Evaluating SMI (System Management Interrupt) latency on Linux-CentOS/Intel machine - linux

I am interested in evaluating the behavior (latency, frequency) of SMI handling on Linux machine running CentOS and used for a (very) soft real time application.
What tools are recommended (hwlatdetect for CentOS?), and what is the best course of action to go about this?
If no good tools are available for CentOS, am I correct to assume that installing a
different OS on the same machine should yield the same results since the underlying hardware/bios are the same?
Is there any source for ballpark figures on these parameters.
The machines are X86_64 architecture, running CentOS 6.4 (kernel 2.6.32-358.23.2.el2.centos.plus.x86_64.)

SMIs can certainly happen during normal operation. My home desktop has a chipset-driven SMI every second and a half which is enabled in the chipset. I've also seen some servers that have them twice a second due to a BIOS-driven CPU frequency scaling scheme. However, some systems can go long periods of time without an SMI occurring so it really depends.
Question #1: hwlatdetect is one option to detect the latency of SMIs occurring on your system. BIOSBITS is another option which is a bootable CD that can identify if SMIs are occuring. You can also write your own test by creating a kernel module that spins in a loop and takes timestamps (using RDTSC). If you see a long gap between two timestamp readings, you could consult CPU MSR 0x34 to see if the SMI counter incremented which would indicate that an SMI happened.
If you want to generate an SMI, you can make a kernel module that does an OUT CPU instruction to port 0xb2, e.g. write a value of 0 to this port. (You can also time this SMI by gathering a timestamp just before and just after the write to port 0xB2).
Question #2, SMIs operate at a layer below the OS so which OS you choose, shouldn't have any impact.
Question #3: BIOSBITS recommends that SMI latencies be kept under 150 microseconds.

SMI will put your system into SMM (System Management Mode) mode, which will postpone the
normal execution of kernel during the SMI handling time period. In other words, SMM
is neither real mode nor protected mode as we know of normal operation of kernel,
instead it executes some special instruction kept in SMRAM (stored in Bios Firmware). To detect it's latency you can try to trigger an SMI (it can be software generated) and try to catch the total time spent in SMM mode.
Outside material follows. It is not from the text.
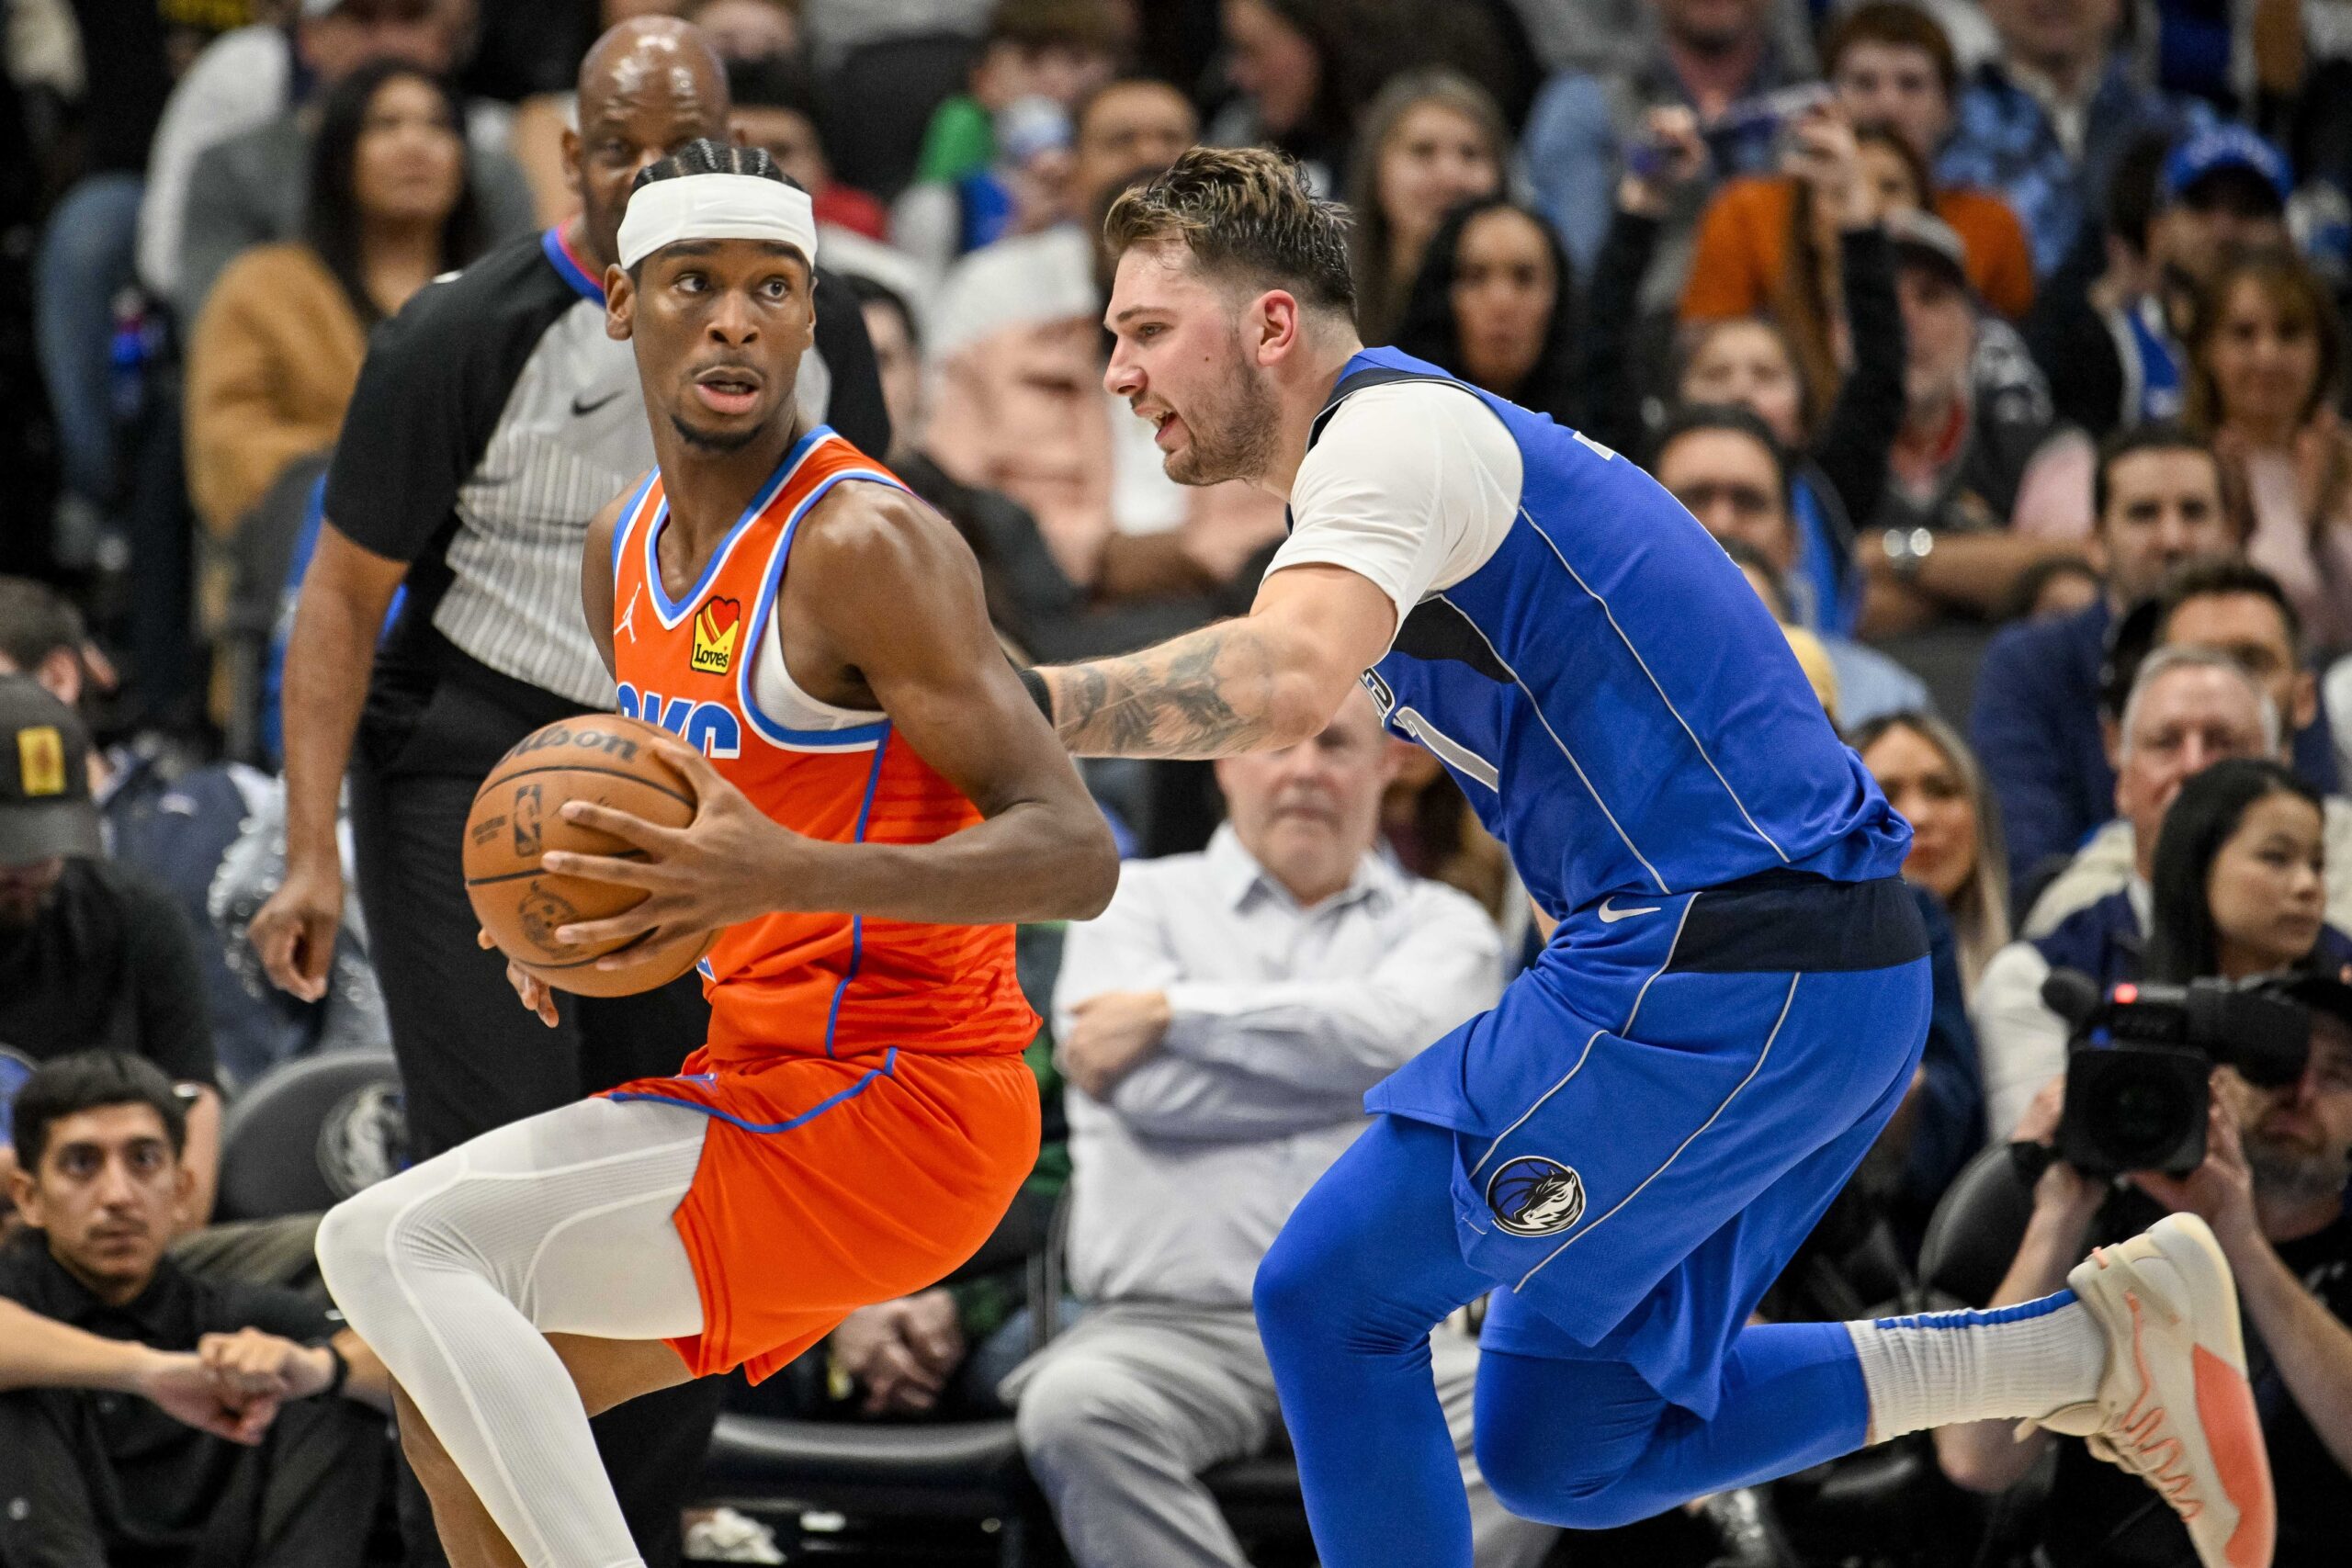 Dec 2, 2023; Dallas, Texas, USA; Oklahoma City Thunder guard Shai Gilgeous-Alexander (2) and Dallas Mavericks guard Luka Doncic (77) in action during the game between the Dallas Mavericks and the Oklahoma City Thunder at the American Airlines Center. Mandatory Credit: Jerome Miron-USA TODAY Sports

To accomplish this you can write a Linux kernel module, cause you'll be require some special privileges to issue an SMI (I think).
For real time systems I think it's nice if you can avoid these sort of interrupts like SMI.

You can check whether System Management Interrupts (SMI) are serviced or not with turbostat. For example:
# turbostat sleep 120
[check column SMI for value greater than 0]
Of course, from that you can also compute a SMI frequency.
Knowing that SMIs are actually happening at a certain rate is important information. But you also want to know how much time System Management Mode (SMM) spends in those interrupts. For example, if an SMI interruption is only very short than it might be irrelevant for your realtime application. On the other hand, if you have hardware with long SMI interruptions you probably want to talk to the vendor, configure the firmware differently (if possible) and or switch to other hardware with less intrusive SMM.
The perf tool has a mode that measures how many cycles are spend in SMM during SMIs (using the information provided by certain CPU counters). Example:
# perf stat -a -A --smi-cost -- sleep 120
Performance counter stats for 'system wide':
SMI cycles% SMI#
CPU0 0.0% 0
CPU1 0.0% 0
CPU2 0.0% 0
CPU3 0.0% 0
120.002927948 seconds time elapsed
You can also look at the raw values with:
# perf stat -a -A --smi-cost --metric-only -- sleep 120
From that you can compute how much time an SMI takes on average on your machine. (divide cycles difference by the number of cycles per time unit).
It certainly makes sense to cross check the CPU counter based results with empiric ones.
You can use the Linux Hardware Latency Detector that is integrated in the Linux Kernel. Usage example:
# echo hwlat > /sys/kernel/debug/tracing/current_tracer
# echo 1 > /sys/kernel/debug/tracing/tracing_thresh
# watch -d -n 5 cat /sys/kernel/debug/tracing/tracing_max_latency
# echo "Don't forget to disable it again"
# echo nop > /sys/kernel/debug/tracing/current_tracer
Those tools are available on CentOS/RHEL 7 and should be available on other distributions, as well.
Regarding ballpark figures: Recently I came across a HP 2011-ish ProLiant Gen8 Xeon server that fires 504 SMIs per minute. Perf computes a rate of 0.1 % in SMM, and based on the counter values the averge time spent in an SMI is as high as several microseconds - but the Linux hwlat detector doesn't detect such high interruptions on that system.
That SMI rate matches what HP documents in its Configuring and tuning
HPE ProLiant Servers for low-latency applications guide (October, 2017):
Disabling System Management Interrupts to the processor provides one of
the greatest benefits to low-latency environments.
Disabling the Processor Power and Utilization Monitoring SMI has the greatest
effect because it generates a processor interrupt eight times a second in G6
and later servers.
(emphasis mine; and that guide also documents other SMI sources)
On a Supermicro board with Intel Atom C3758 and an Intel NUC (i5-4250U) system of mine there are exactly zero SMIs counted.
On an Intel i7-6600U based Dell laptop, the system reports 8 SMIs per minute, but the aperf counter is lower than the (unhalted) cycles counter which isn't supposed to happen.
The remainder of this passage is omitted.